In the first lecture, Prof. David Sontag begins with a history of ML applied to healthcare, pointing out deficiencies. However, recent breakthroughs in the capabilities of ML, the wide adoption of digital medical records and standard methods to classify medical activities, make ML a more promising proposition for healthcare use cases.

The very nature of healthcare means that ML algorithms, in order to be useful, must be very robust; an erroneous outcome could lead to harm for the patients. Also, even though data standardisation has improved, some level of interpretation of data sets is still required to account for outliers and anomalies, which could skew results.

Prof. Sontag gives three clear examples of how ML can eventually contribute to better healthcare provision:

  • Context-driven advice for clinicians, based on extraction of data from patients medical records
  • Greater efficiency in manual workflows, e.g. computational image processing of scans
  • Analysis of medical data at scale

The second lecture is provided by Prof. Peter Szolovits and is a great introduction to the goals and phases of health care.

Statistics provide a view of how likely one is to live longer or succumb to a particular disease, based on age, ethnic origin, gender, etc. Life expectancy is good indicator but equally important is the quality of life as we get older. Prof. Szolovits introduces the concepts of morbidity and disability. A philisophical question would be the trade off between longer life or lower levels of morbidity.

The traditional tasks of medicine are diagnosis, prognosis and therapy.

The pre-requisite to this is data, which can be gathered in a number of ways (e.g. observation, monitoring, laboratory test results), and the information phase whereby the data is interpreted, corrected and filtered.

Data collection and standardisation techniques are discussed. It seems to me that better data leads to better decisions and this cycle repeats itself.

The importance of understanding clinical data is further explored in a deep dive by Prod. Szolovits in a subsequent lecture.

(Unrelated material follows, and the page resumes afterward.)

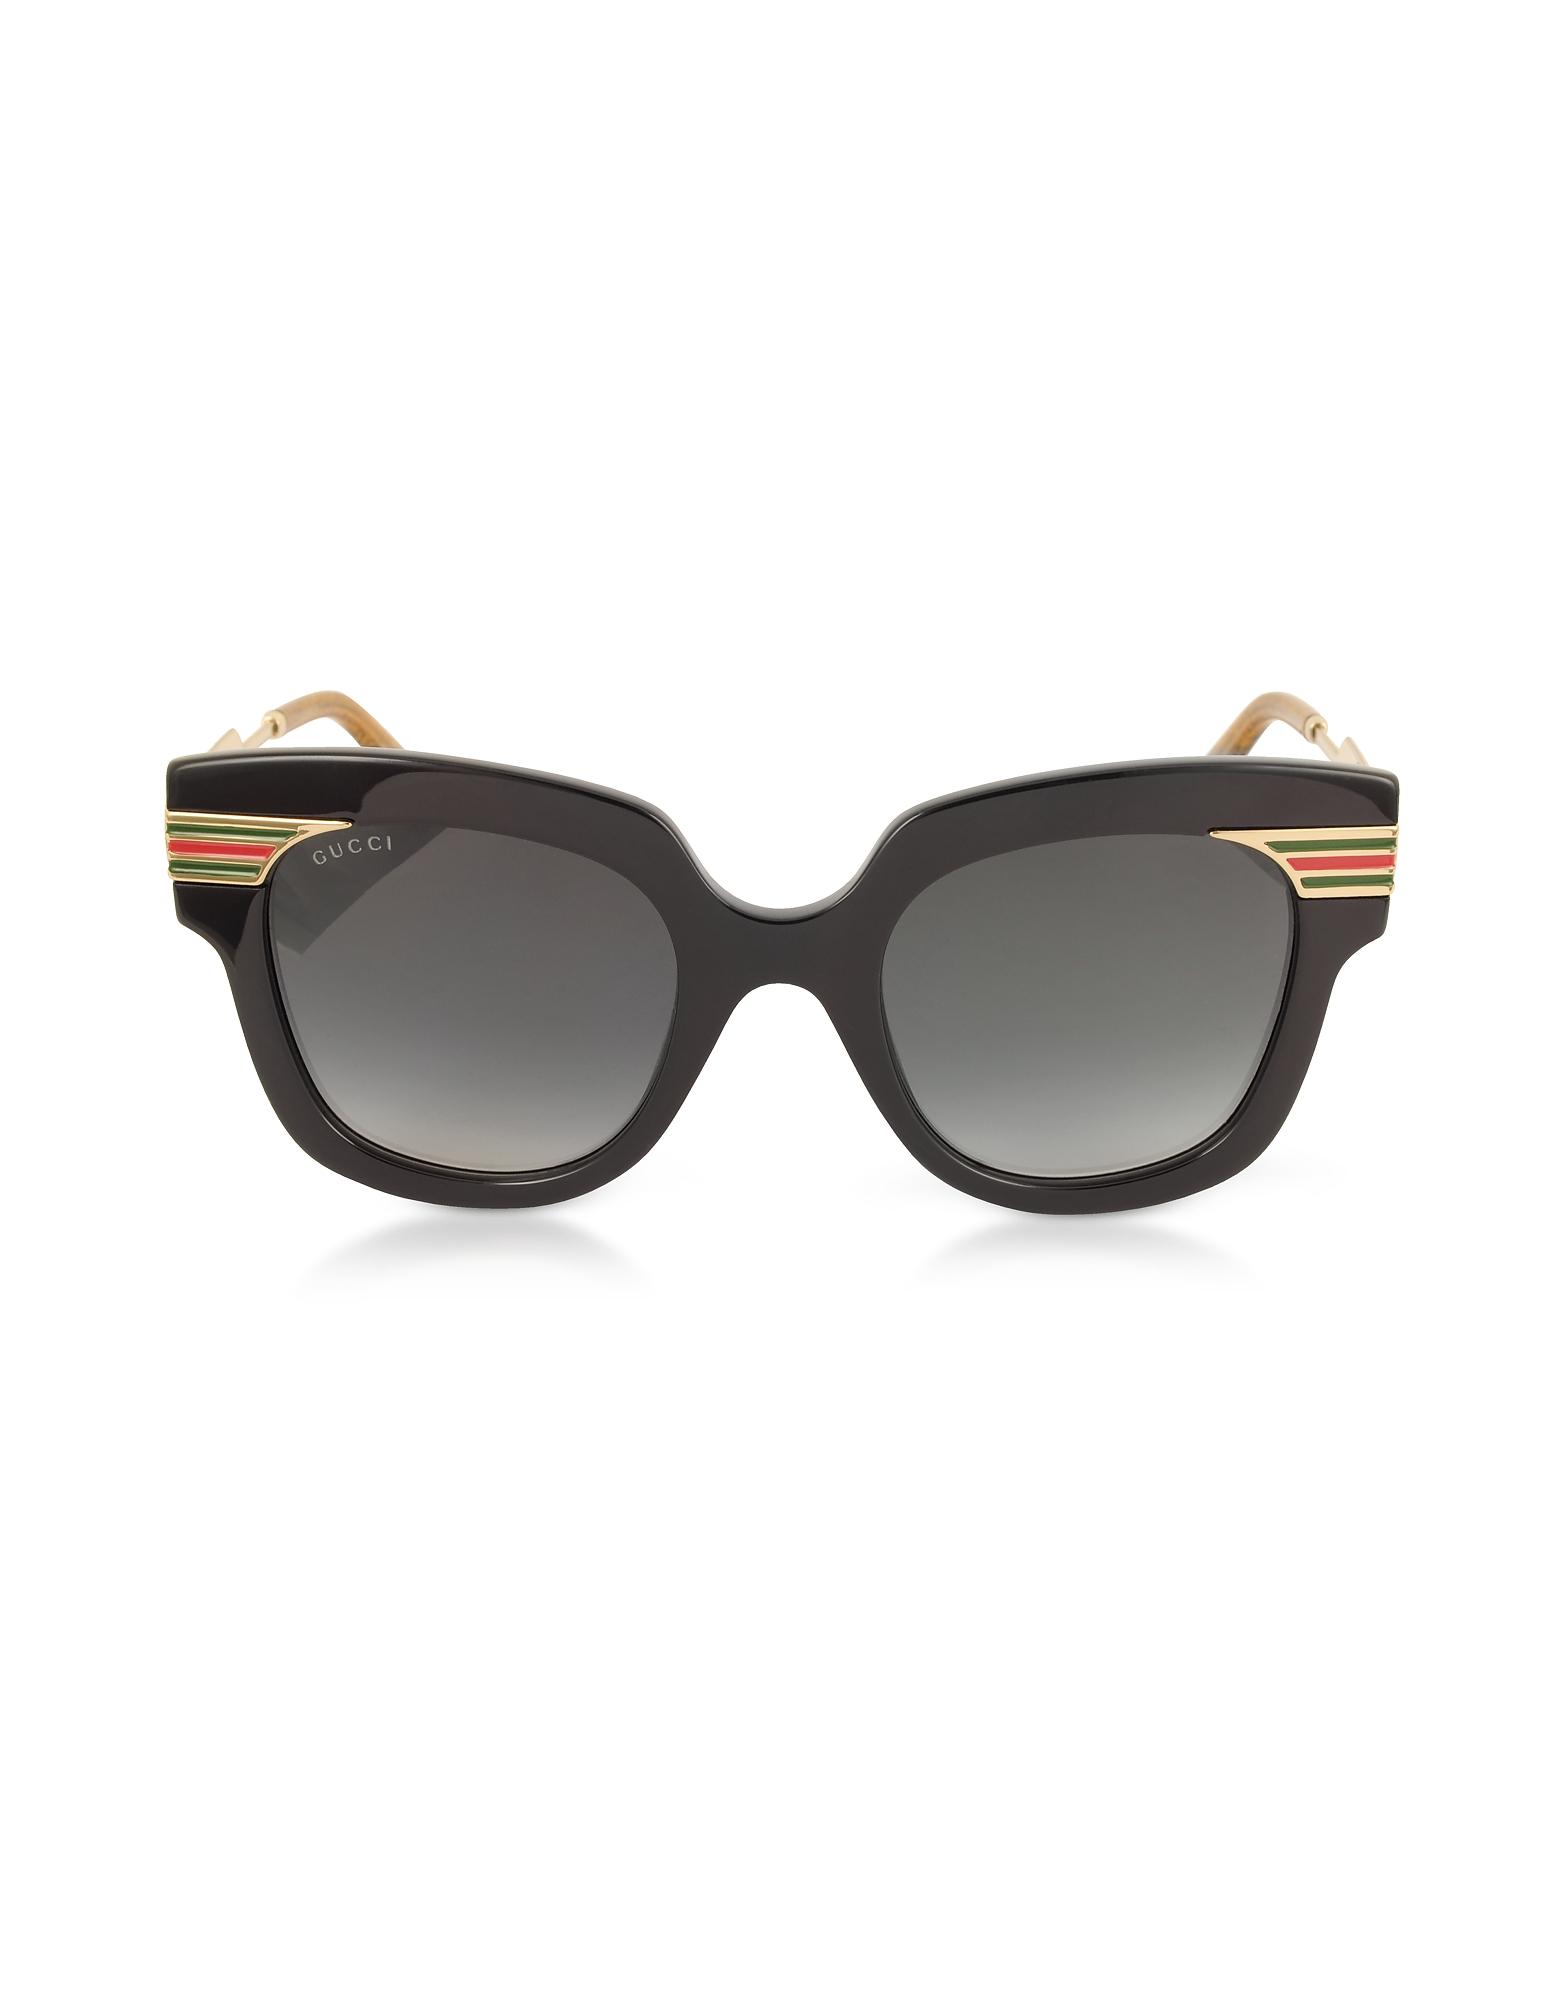 Gucci Designer Sunglasses, GG0281S Square-Frame Black Acetate Sunglasses w/Sylvie Web Temples

The course contains 25 lectures so I can’t summarise all the content due to the volume of information. I particularly enjoyed the material about natural language processing – computationally making sense of textual data and extracting useful information based on context – and also the interpretation of medical imaging data, e.g. in the context of cardiology.

I thought that both professors and guests were well prepared and very clear in their presentations. I think these free online resources are a true gift by MIT and I will revisit them in future.